He walked back to the fort, where the flag still flew. The harbor was a sudden cauldron of noise as more guns filled the shallow basin with smoke and, as Moore reached the fort’s entrance, he saw why. Three enemy ships were under foresails and topsails, and they were sailing straight for the harbor.
They were coming to finish the job.
Commodore Saltonstall had promised to engage the enemy shipping with gunfire and so had cleared the Warren for action. Fog had prevented an engagement at first light and once that fog lifted there was a further delay because the Charming Sally, one of the privateers that would support the Warren, had a fouled anchor, but at last Captain Holmes solved the problem by buoying the anchor cable and casting it overboard, and so the three ships sailed slowly eastwards on the light wind. The commodore planned to sail into the harbor mouth and there use the frigate’s powerful broadside to batter the three enemy sloops. The heaviest British guns on those sloops were nine-pounders, while the Warren had twelve- and eighteen-pounders, guns that would mangle British timber and British flesh. The commodore would have liked nothing more than to have used those big guns on the thirty-two impudent men who had dared send him a letter which, though expressed in the politest words, implicitly accused him of cowardice.

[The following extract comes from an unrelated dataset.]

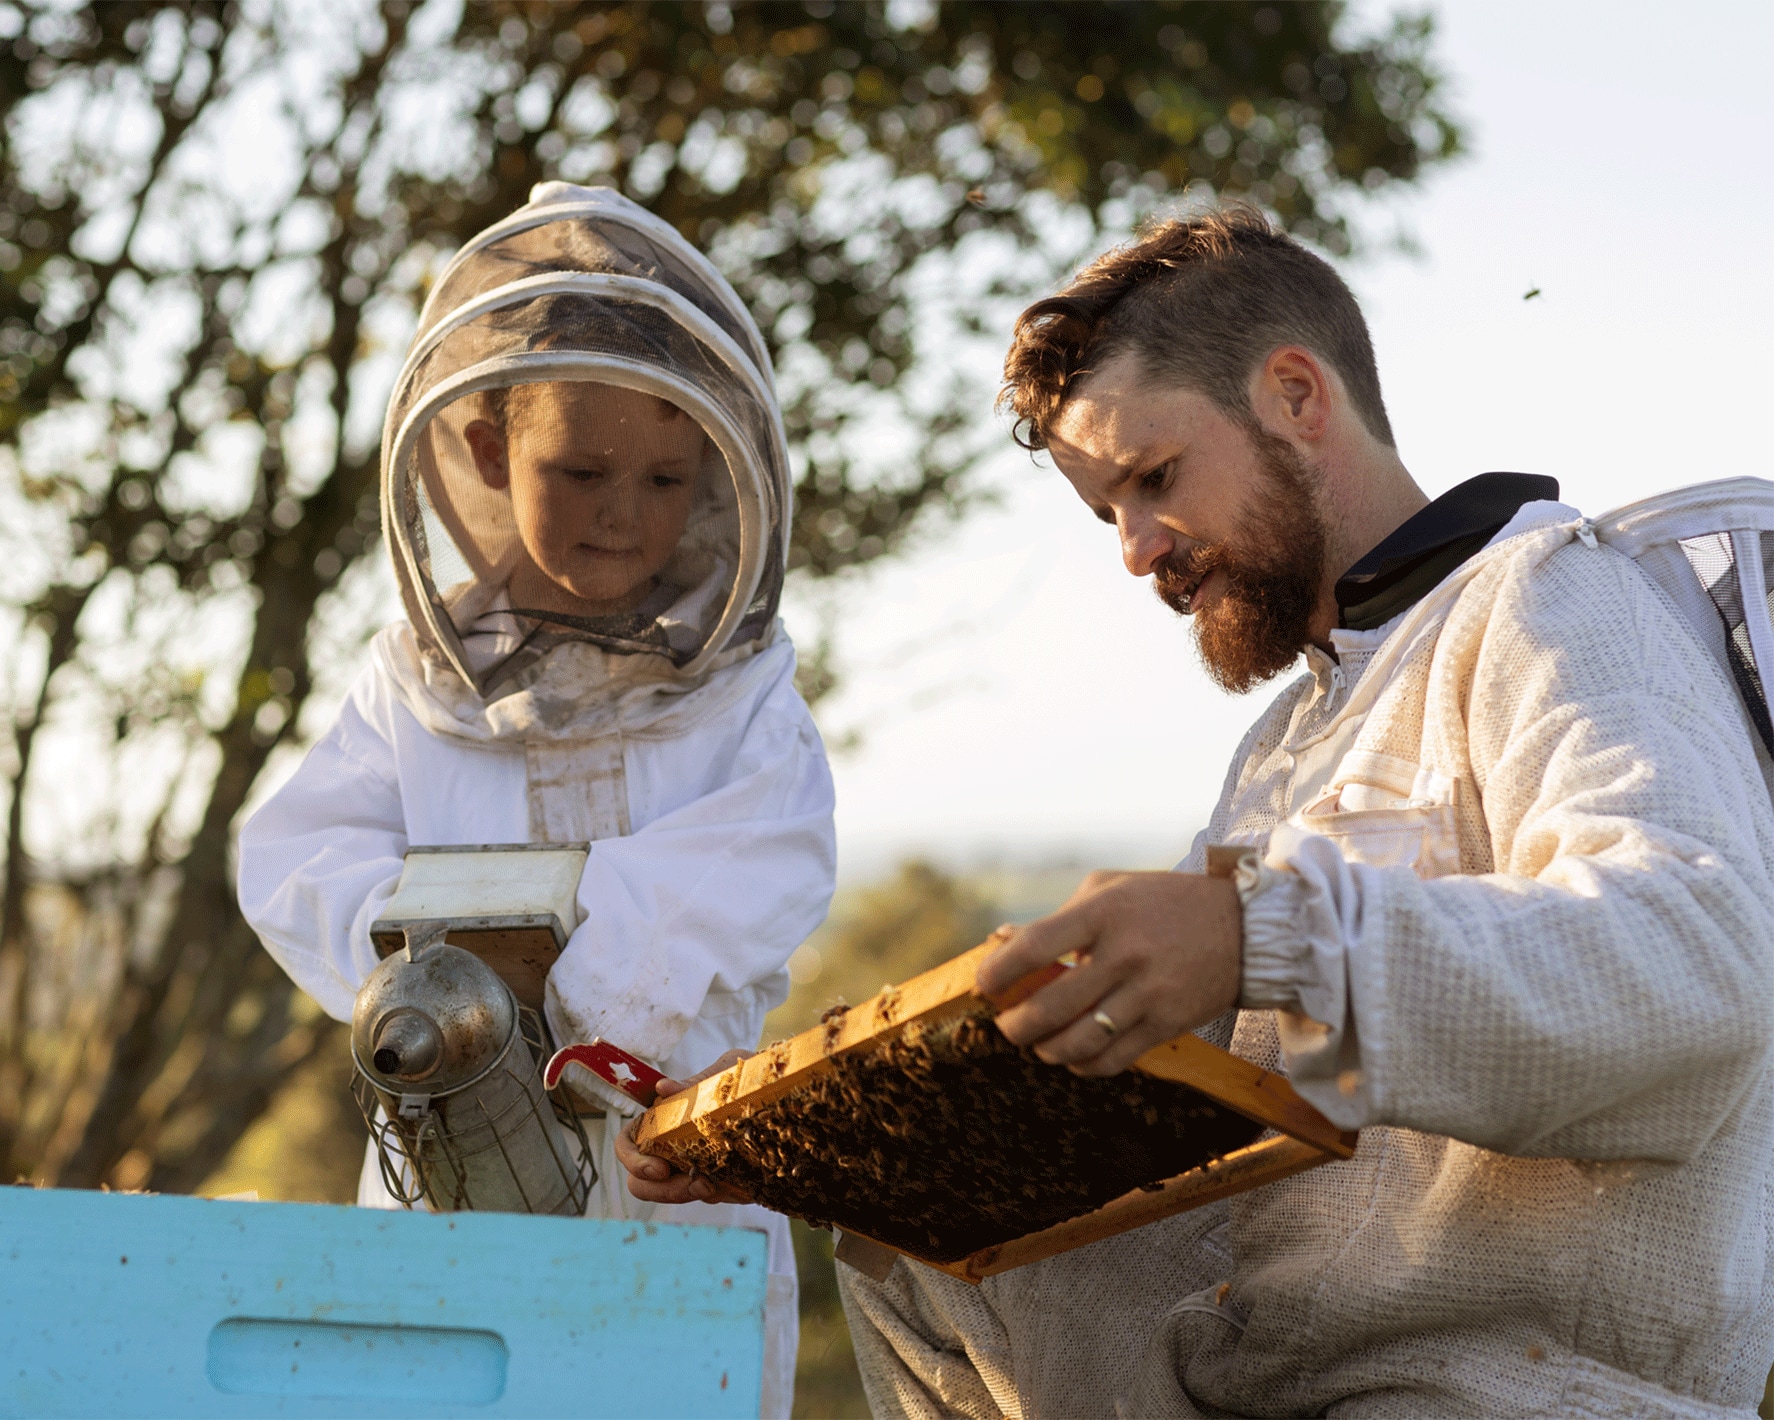 A beekeeper checks a beehive

How dare they! He shook with suppressed anger as he recalled the letter. There were times, the commodore thought, when the notion that all men were created equal led to nothing but insolence.
He turned to see that the Black Prince and Charming Sally were following his frigate. The battery on Cross Island was already firing at the three British sloops which now barricaded the harbor’s center. There was water at either end of the British line, but the larger transport ships had been moored to block those shallow channels. Not that Saltonstall had any intention of piercing or flanking Mowat’s ships; he simply wanted to keep the Royal Marines on board the enemy sloops while Lovell assaulted the fort.
The wind was slight. Saltonstall had ordered battle-sails, which meant his two big courses, the mainsail and foresail, were furled onto their yards so that their canvas would not block the view forrard. He had kept the staysail furled for the same reason, so the Warren was being driven by flying jib, jib, and topsails. She went slowly, creeping ever closer to the narrow entrance between Cross Island and Dyce’s Head, which was now in American hands. Saltonstall could see the green coats of his marines on that height. They were watching the Warren and evidently cheering because they waved their hats towards the frigate.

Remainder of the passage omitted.